В тесной связи с проблемой собственности стоит вопрос о реальной экономической власти. У кого больше власти в принципиально новом, управляемом и социализированном рыночном механизме – у тех, кто непосредственно принимает решения, или у тех, кто законодательно, а также через бюджет и административные меры диктует жесткие рамки для конкретных решений? А среди тех, кто конкретные решения принимает, каков реальный относительный вес собственников, администрации предприятий, профсоюзов? Следует специально отметить, что проблемы собственности ни в рамках неокейнсианства, ни в рамках неолиберализма не рассматриваются как самостоятельные. Критерий безопасности в конкретных условиях и пределах может потребовать национализации – это предусматривали и Кейнс, и его последователи. Теоретики неолиберализма решали трудную проблему соотношения эффективности, концентрации производства и концентрации собственности. Критерием здесь является свободная конкуренция. Допустимая степень концентрации производства тем выше, чем более открыт внутренний рынок для иностранных конкурентов. Что касается собственности, то следует поощрять ее максимальное дробление как важное условие свободной конкуренции на рынке ресурсов, без которого не может быть и эффективного рынка товаров и услуг. Реальными ресурсами на Западе обладает тот, кто имеет доступ к ресурсам финансовым. Следовательно, свобода конкуренции на финансовых рынках – необходимая предпосылка конкурентного рынка товаров и услуг. Рассеивание акционерного капитала – естественный результат конкуренции на финансовых рынках за сбережения населения и предпосылка такой конкуренции.
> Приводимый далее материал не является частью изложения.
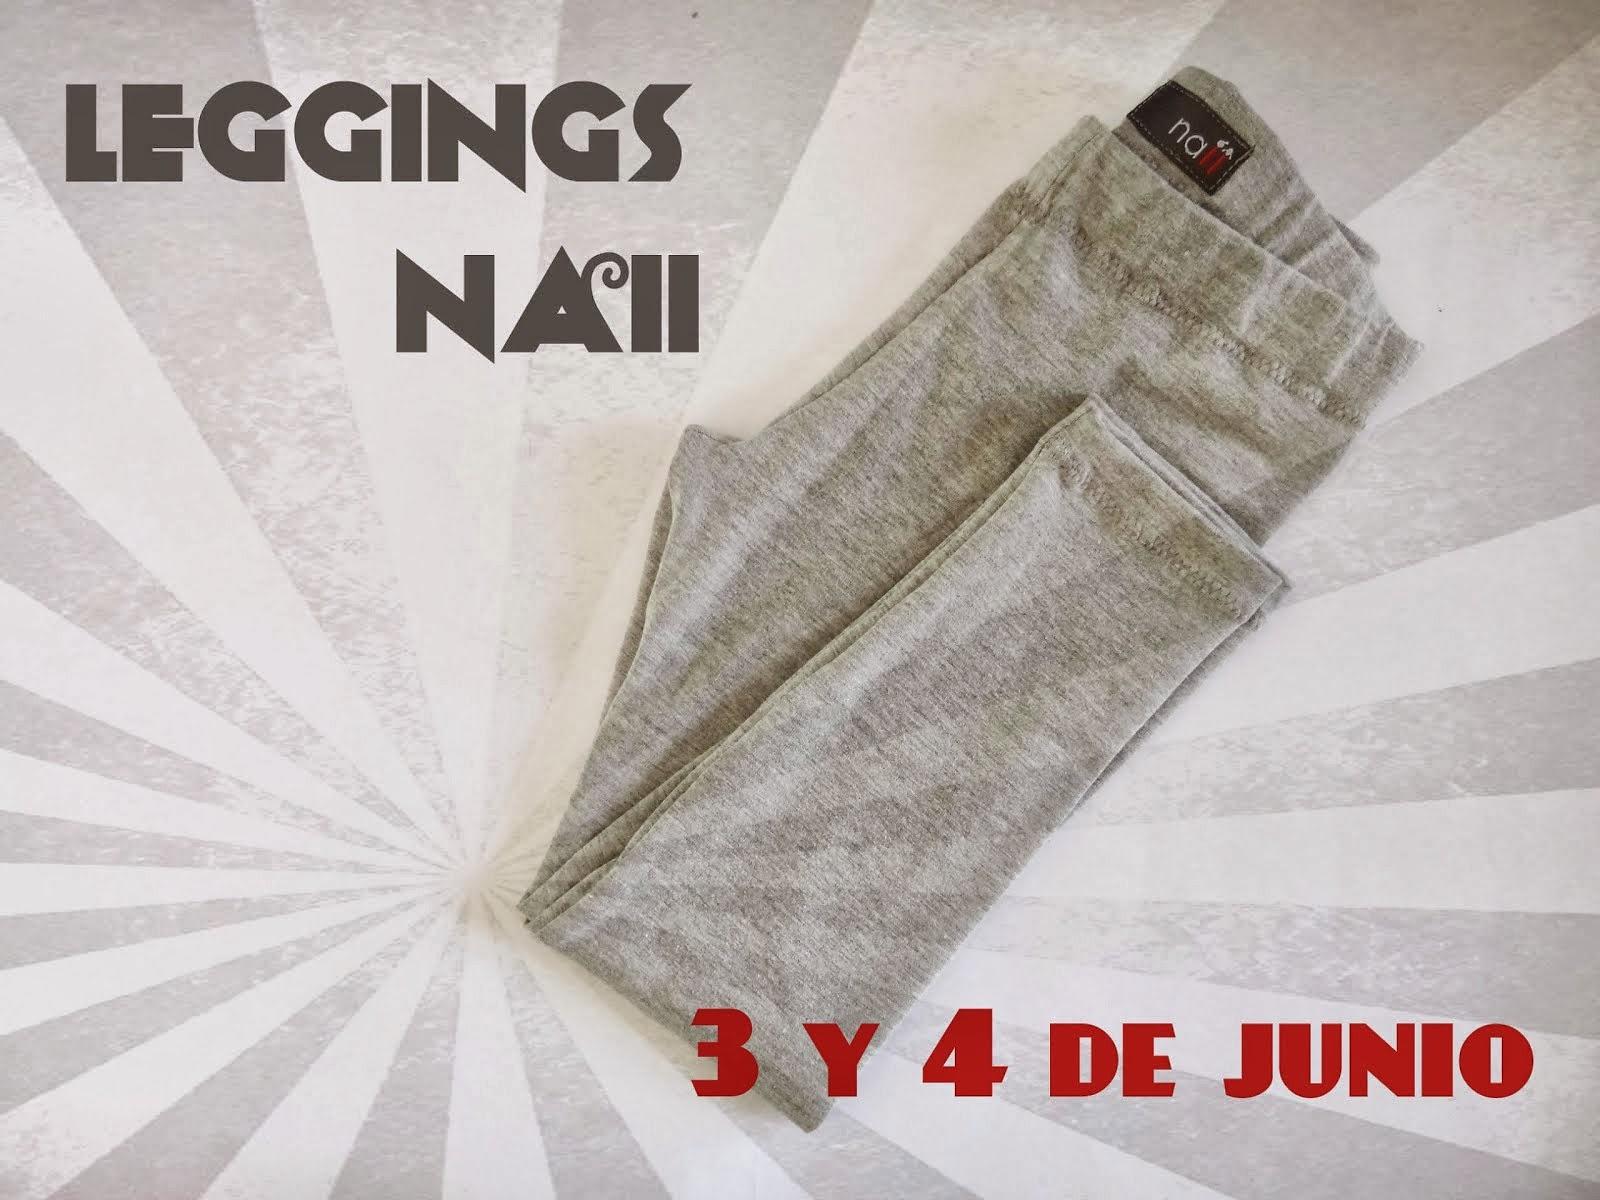 CC Leggins de Naii

Столь же закономерна разработка концепции "революции управляющих" в разных вариантах. Она отразила качественное изменение положения управляющих корпорацией по отношению к собственникам.
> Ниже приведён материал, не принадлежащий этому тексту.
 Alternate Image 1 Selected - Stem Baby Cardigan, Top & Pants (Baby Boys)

Управляющие по существу перестали быть наемным персоналом, послушными исполнителями воли собственников. С одной стороны, они сами оказались интегрированными в число крупных акционеров. С другой стороны, резко возросла их самостоятельность по отношению к остальным собственникам. Это отразило как изменения в акционерном капитале, так и необходимость значительно шире формулировать цели корпораций, проводить более гибкую техническую и социальную политику, привлекать организации наемного персонала к участию в управлении.
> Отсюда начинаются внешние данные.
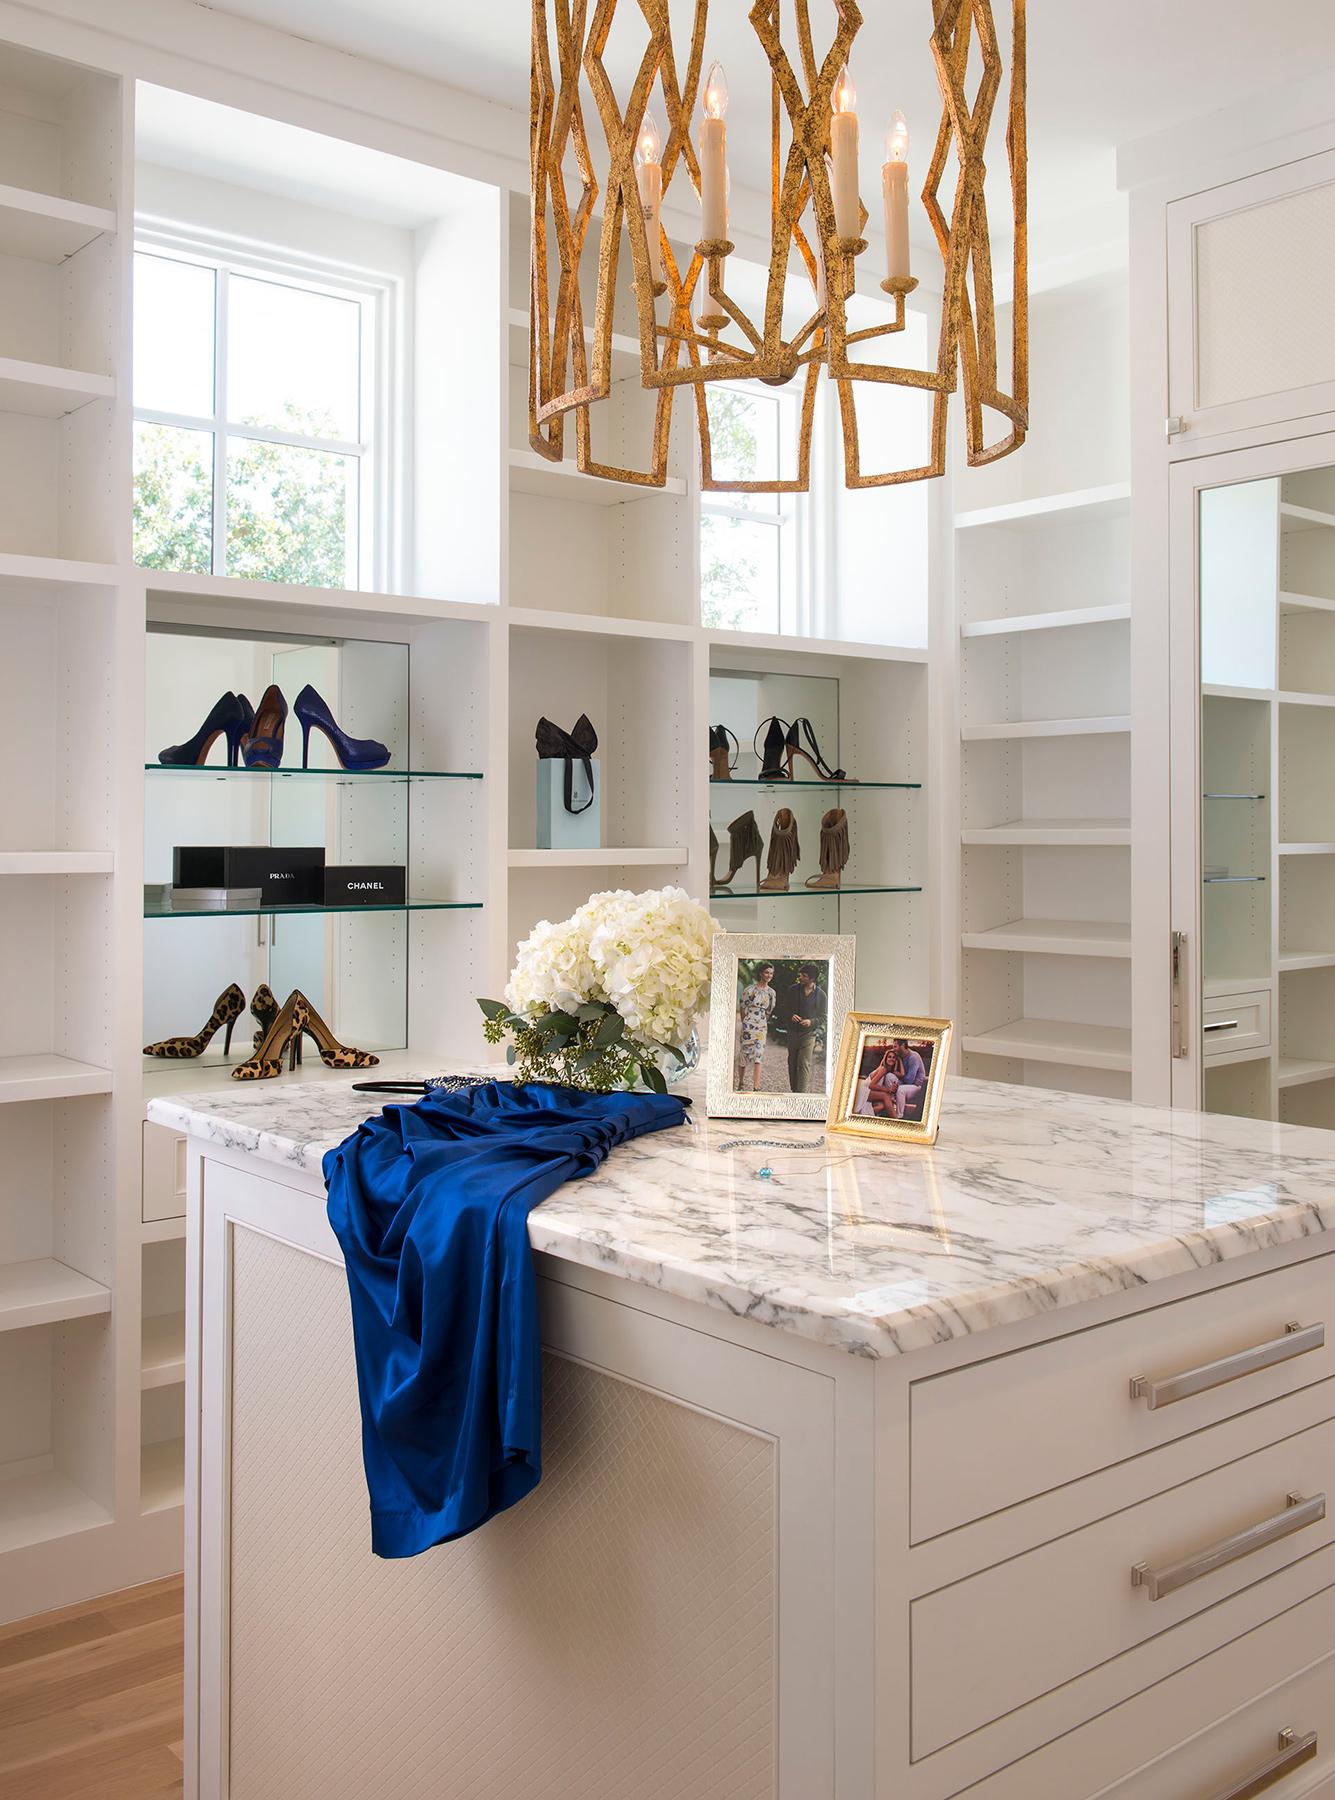 Her-master-closet

Новые социально-трудовые отношения на предприятиях составляют – наряду с созданием условий для свободной конкуренции – второй важнейший элемент качественного изменения природы рыночного механизма. Эта принципиальная новизна состоит не в том, что совершился переход от классовой борьбы к классовому миру, а в том, что борьба интересов приобрела узаконенные формы взаимовыгодного компромисса, что удалось свести к минимуму разрушительную силовую конфронтацию в экономике.
До сих пор в раде экономических теорий Запада профсоюзы рассматривают как "антирыночную" монополистическую силу. В других теориях, напротив, им отводится роль "уравновешивающей силы".
В действительности давление профсоюзов на администрацию "изнутри" корпорации столь же важный компонент современного рыночного механизма, как и давление конкуренции "извне". Именно вследствие такого двойного давления у администрации заблокирован путь как к повышению цен, так и к понижению заработной платы и остается лишь дорога научно-технического и организационного прогресса.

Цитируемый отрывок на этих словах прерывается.